* **WHAT YOU HAVE TO DO**: The pictures stay out. Please retype every line below exactly.

* **PROVIDED DATA**:
◇ ◇ ◇ ◇
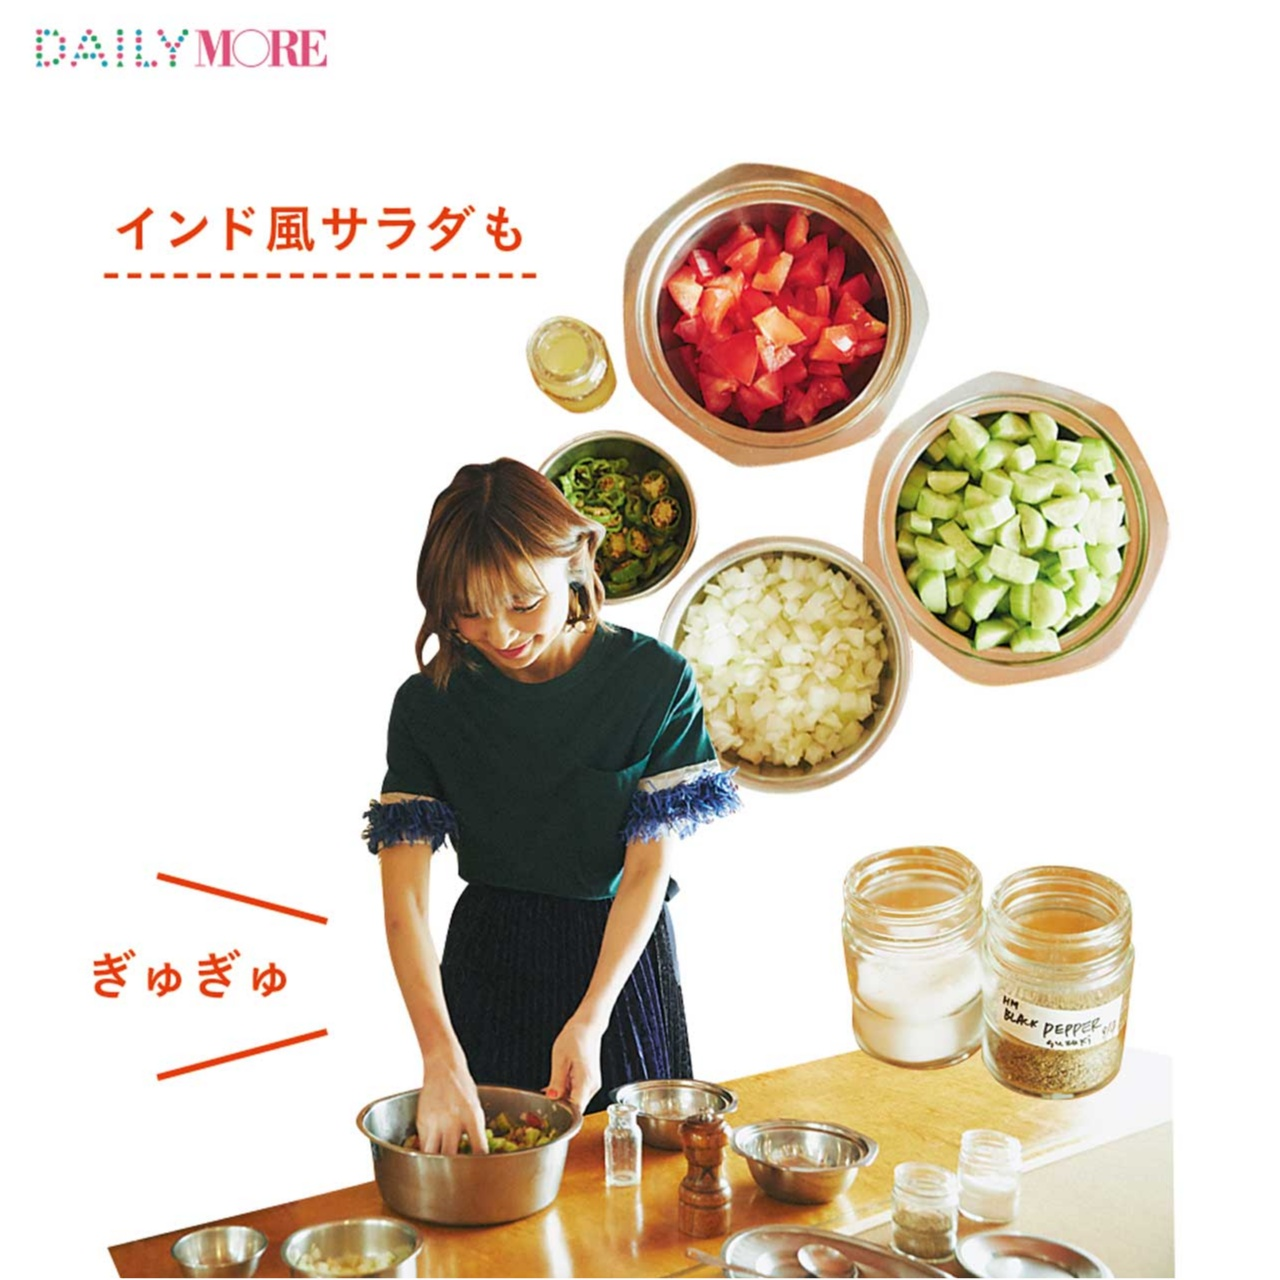 篠田麻里子が体験♡ 話題の「本格インド家庭料理」に行こう!【麻里子のナライゴトハジメ】_2_4
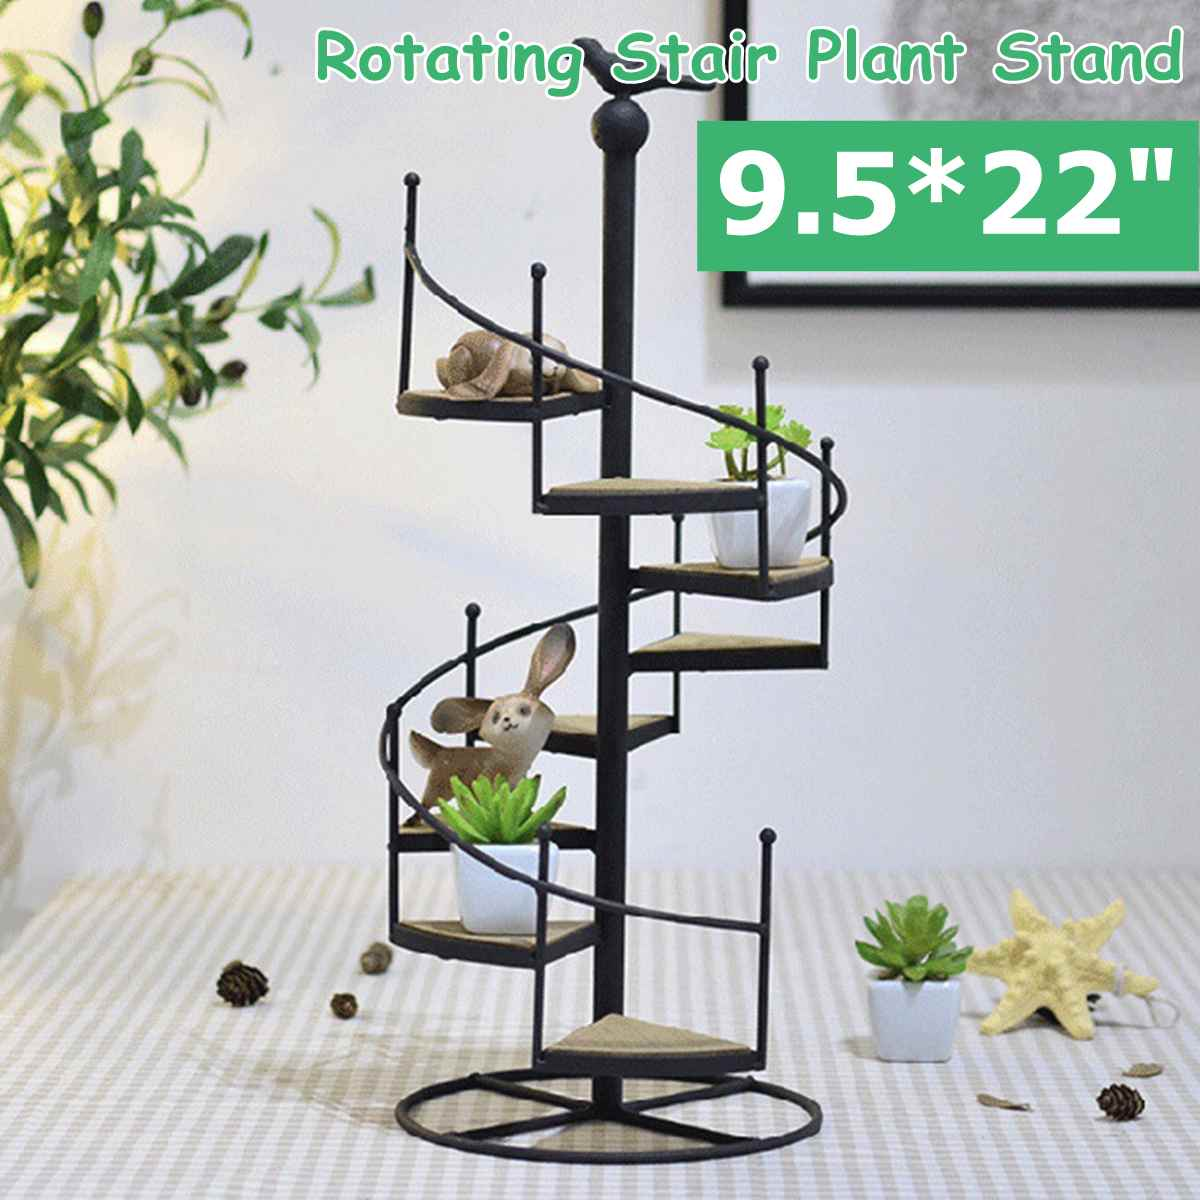 Tesisi raf dekoratif demir tesisi raf standı bitkiler etli raf 8 katmanlı merdiven şekli masaüstü bahçe çiçek standı
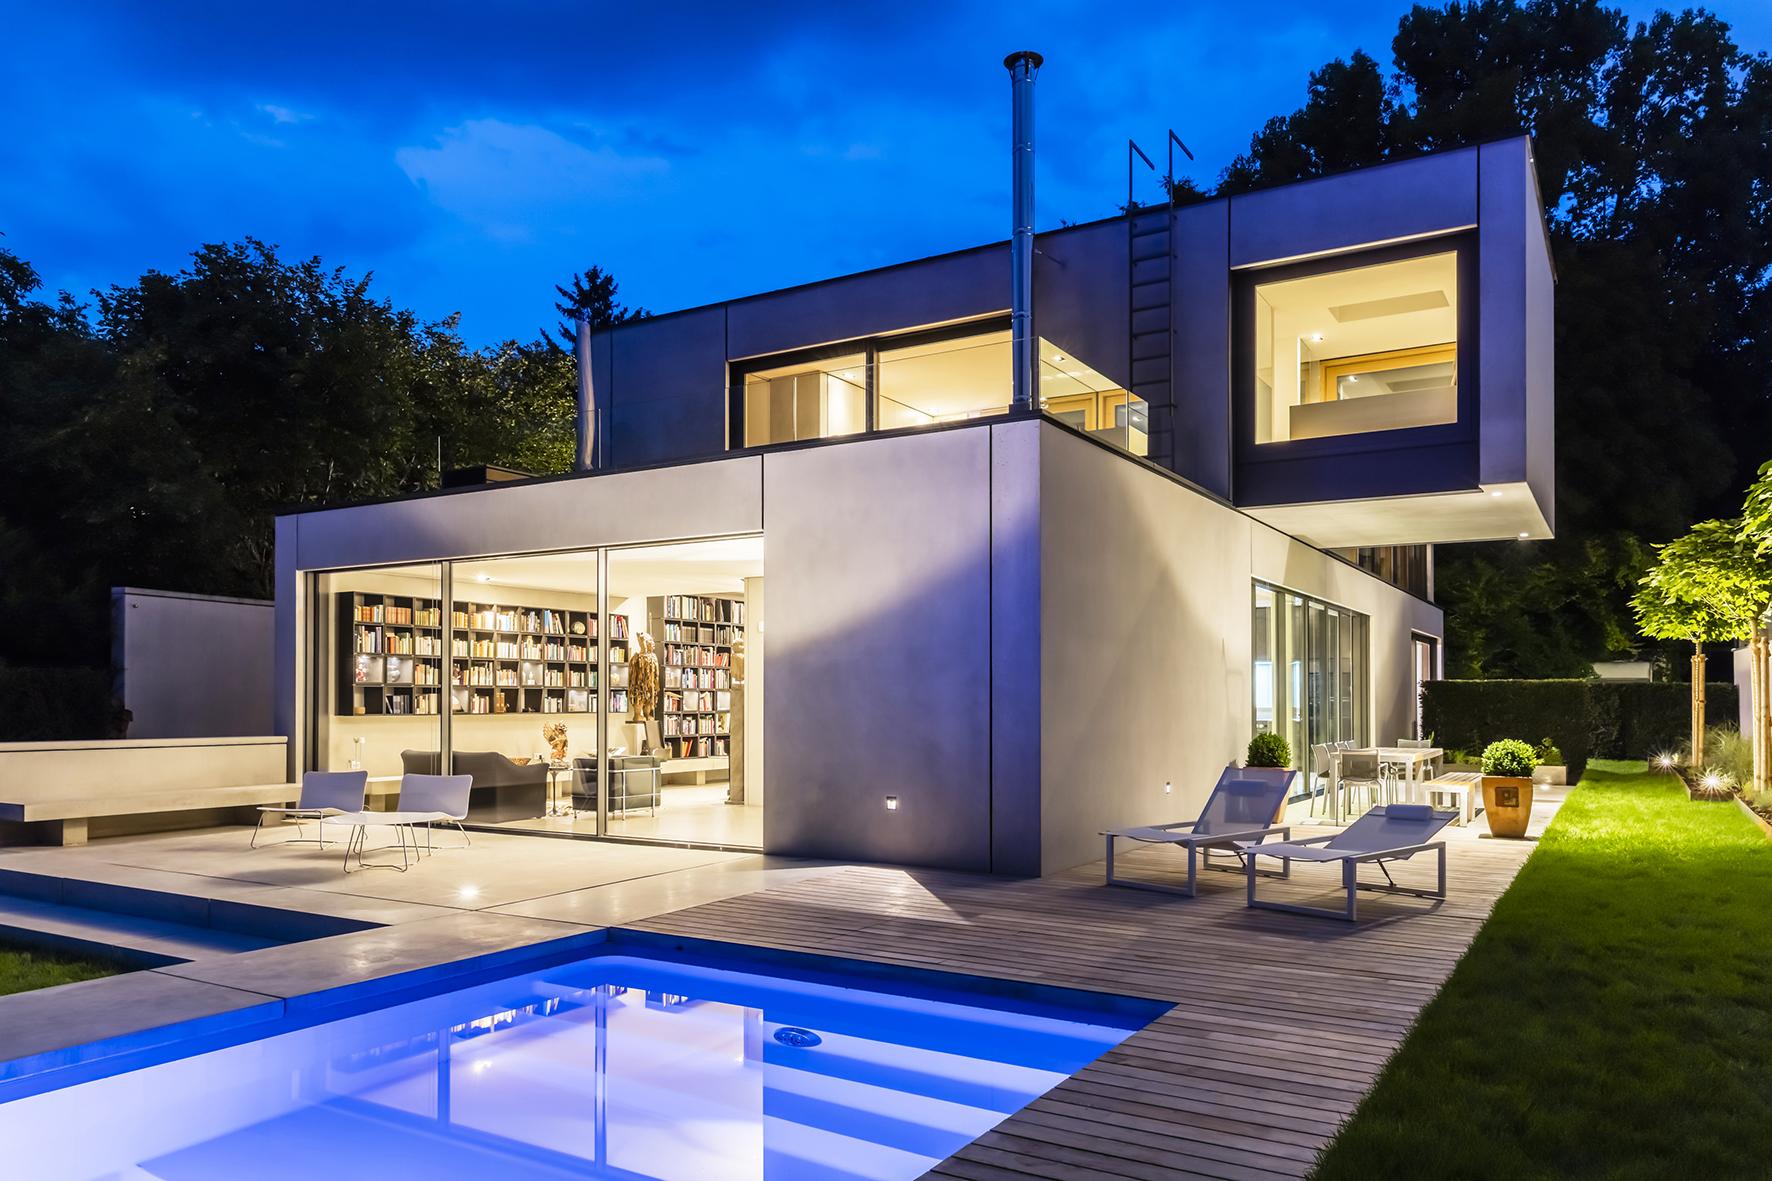 Gartenseite Mit Pool Und Terrasse
◇ ◇ ◇ ◇
* **COMPLETED TASK**:
 篠田麻里子が体験♡ 話題の「本格インド家庭料理」に行こう!【麻里子のナライゴトハジメ】_2_4
 Tesisi raf dekoratif demir tesisi raf standı bitkiler etli raf 8 katmanlı merdiven şekli masaüstü bahçe çiçek standı
 Gartenseite Mit Pool Und Terrasse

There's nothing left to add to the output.